CULLMAN, Ala. – Stepping through the door at Hinkle Shoe Shop is like crossing the threshold into a bygone era, a simpler and kinder time when life was easy, excellent service was the norm and laughter was quick to come.
Owner David Hinkle reflects, “I bought the shop in 1973 on January 17. It will be 50 years this next January. It was originally located at 112 3rd Street SW near to what was then Leeth Bank and by Penn Hamburgers. I stayed there until the end of December in 1974 and moved here at 121 4th Street SW then. I’ve been here ever since.”
Specializing in shoe, boot and purse repairs, the shop also offers dying and second-to-none shoeshines. Dedicated customers travel from several counties away due to Hinkle’s excellent work and impeccable reputation.
The humble 78-year-old doesn’t see anything special about his skill; rather, he marks it up to the work ethic of doing your job to the best of your ability.
He shares, “Gosh, it’s no real big deal, I guess. I’ve always pretty much worked by myself. I had others working here and there but it just works better this way. We’ve had a lot of ups and downs, but business has been great over the years, and it still is.”
In addition to the repair side of the business, Hinkle Shoe Shop is a gathering place for friends to share a tall tale, a tried-and-true joke or just sit a spell. His friends often describe the shop as reminiscent of Floyd’s Barber Shop on “The Andy Griffith Show.”
Born in Cullman County, Hinkle never had a desire to live anywhere else than his cherished hometown.
“I was born and raised in Cullman. I was in the military for two years but, other than that, I’ve been here all my life. We moved around a lot when I was young. We were in Good Hope and White City and all over.
“I went to school at White City after starting out at Bolte then went to Good Hope. I went maybe one year at Cullman High School. I finished the 11th grade and I reckon I thought I was a brain surgeon, and I never went back. Now, that’s rocket scientist material, isn’t it,” he chuckles.

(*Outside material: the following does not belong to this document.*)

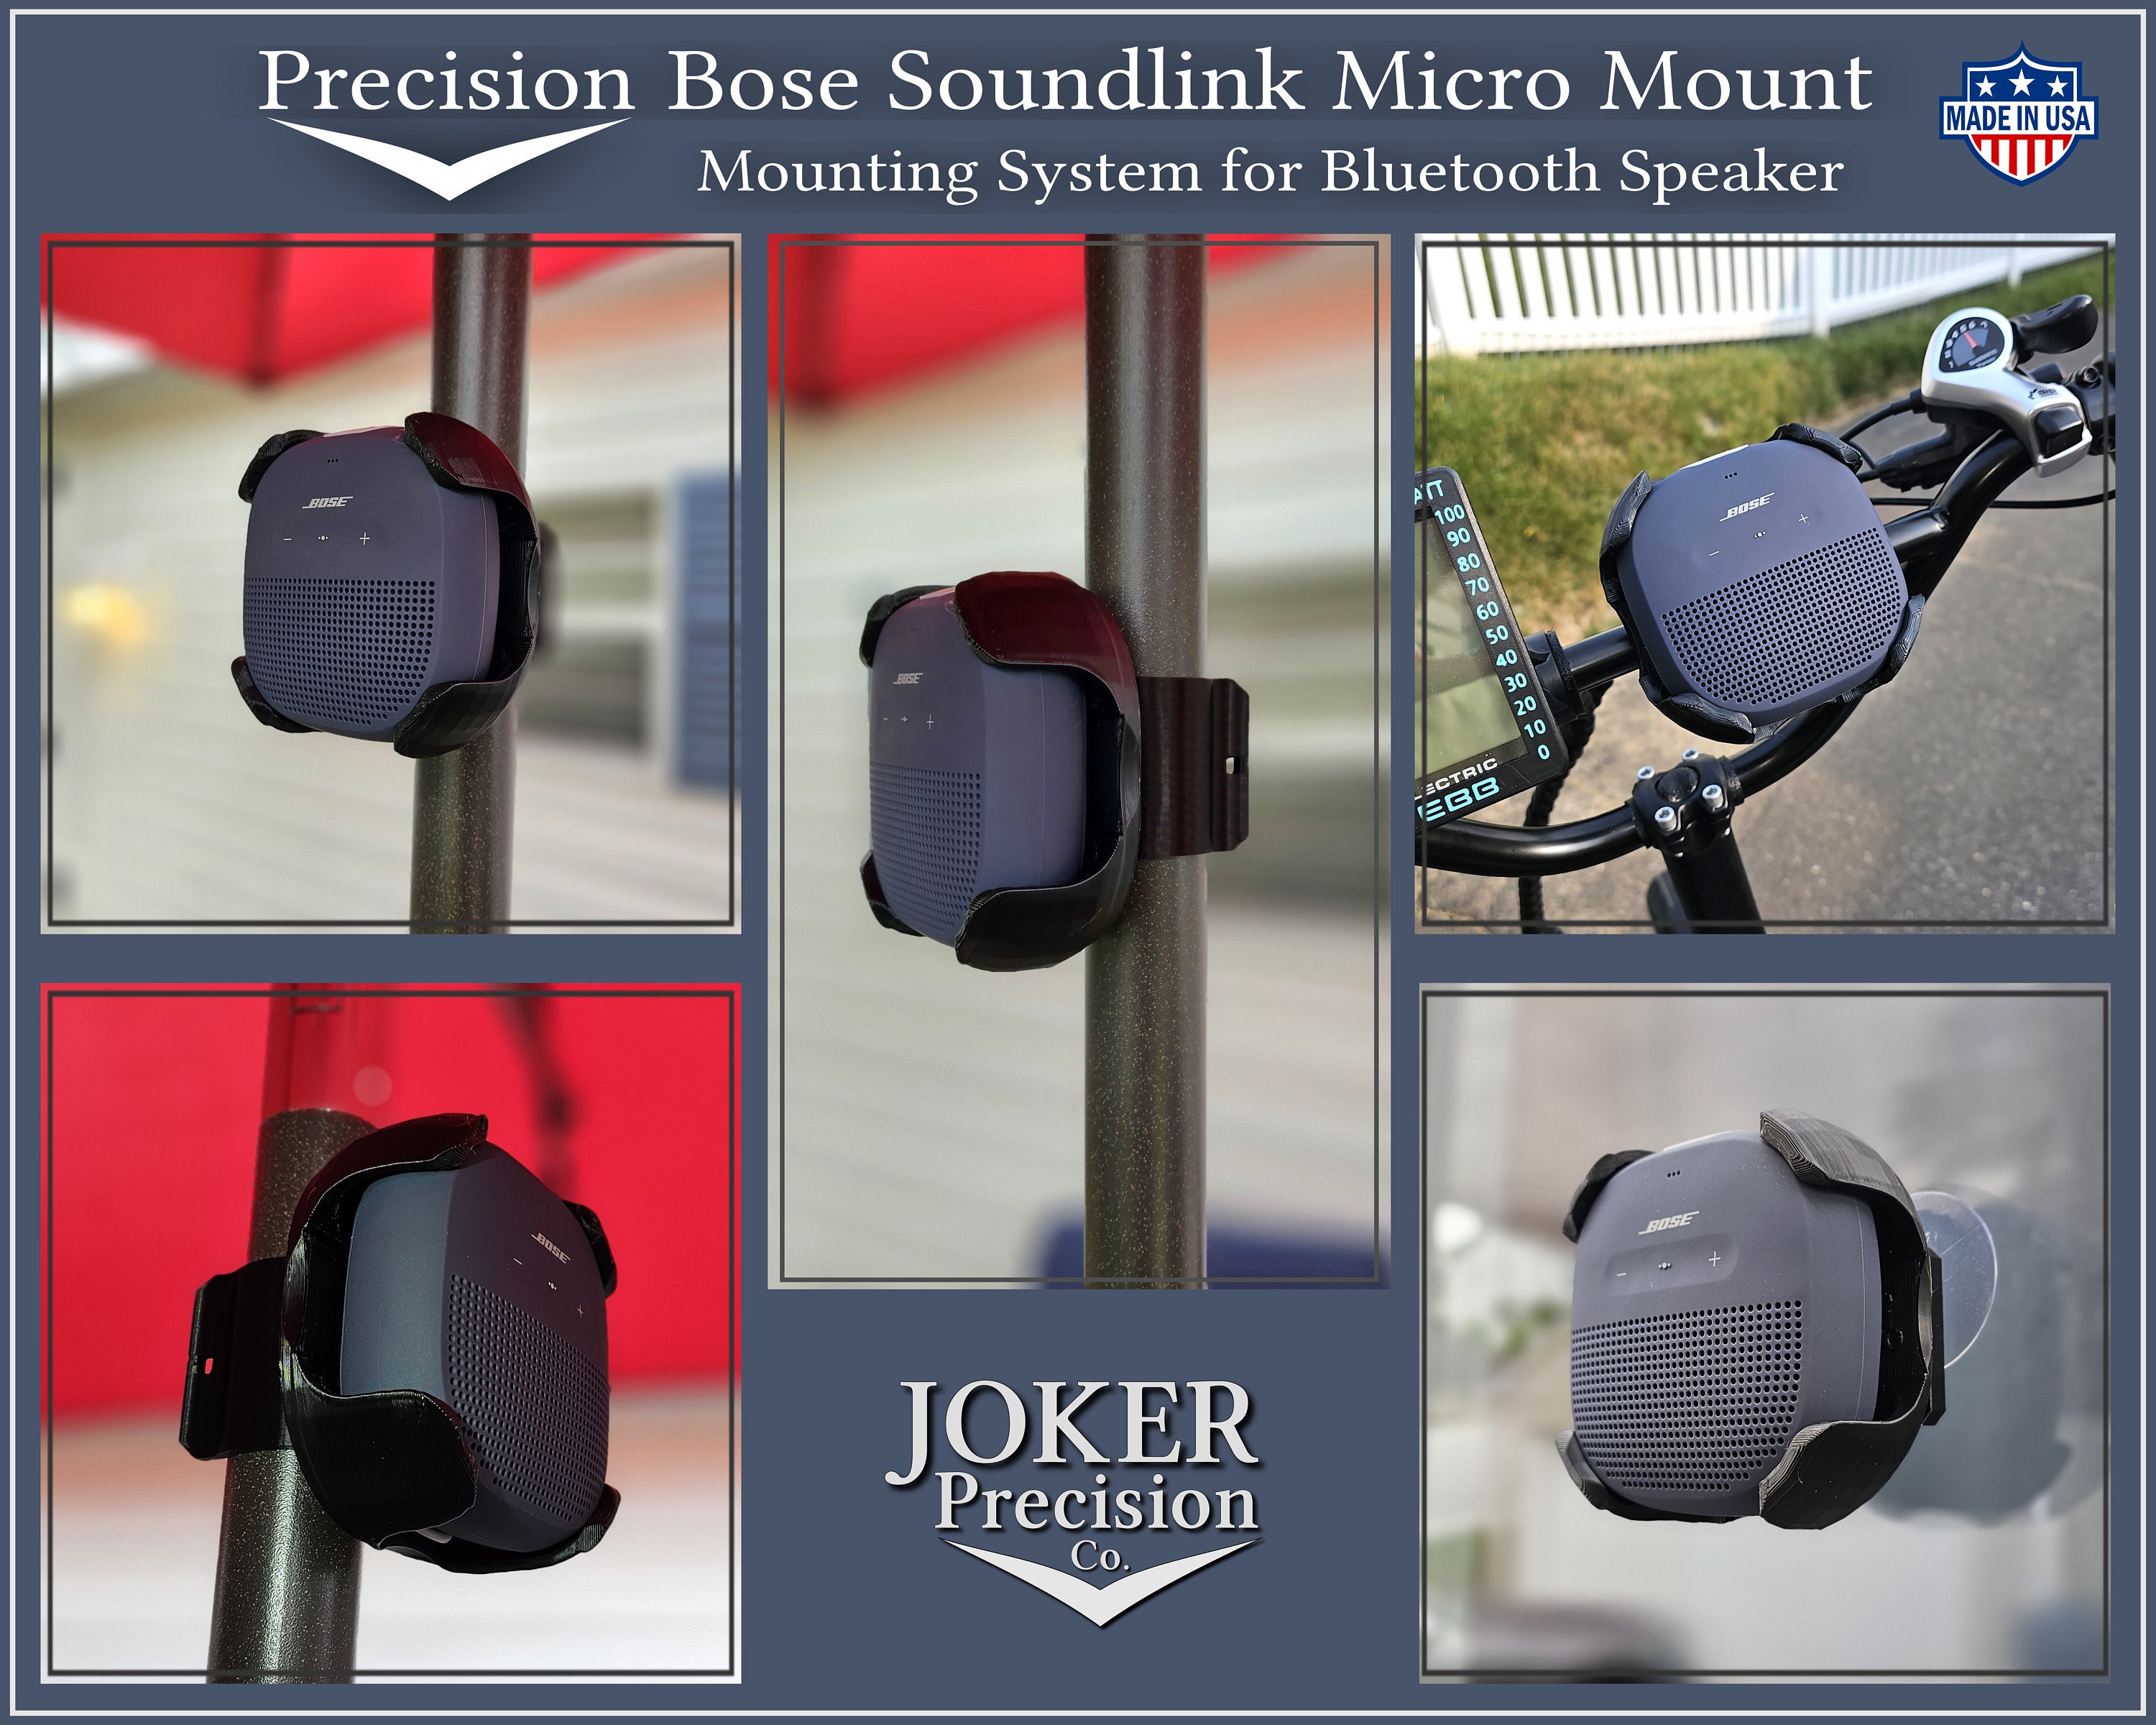 Parlante Bose Soundlink Micro con Bluetooth - Azul Piedra

After his semi-feral years as a young man with unsuccessful relationships which he admits “would have worked out fine if the ladies would have had something to work with,” Hinkle can now report that his wife of nearly 50 years says she’s happy to see him when he gets home every day.
The couple appreciate their simple life still using wood in the winter months to provide warmth and usually growing much of their food in the summers.
“We heat with firewood and I’m so thankful that I’m still able to do that. Ordinarily, we have a garden. This is the first year we haven’t had a vegetable garden. We let is pass this year because of our health problems during planting time. We’re fortunate that we’ve got a great family. We all work together but I think they just tolerate me more or less,” he tells with a smile.
Looking forward, Hinkle says he is beginning to think of retiring but he isn’t quite sure just yet. What he does know for certain is “We really don’t know from one day to the next what’s going to happen. I try to live one day at a time anyway. That’s really all we’ve got.”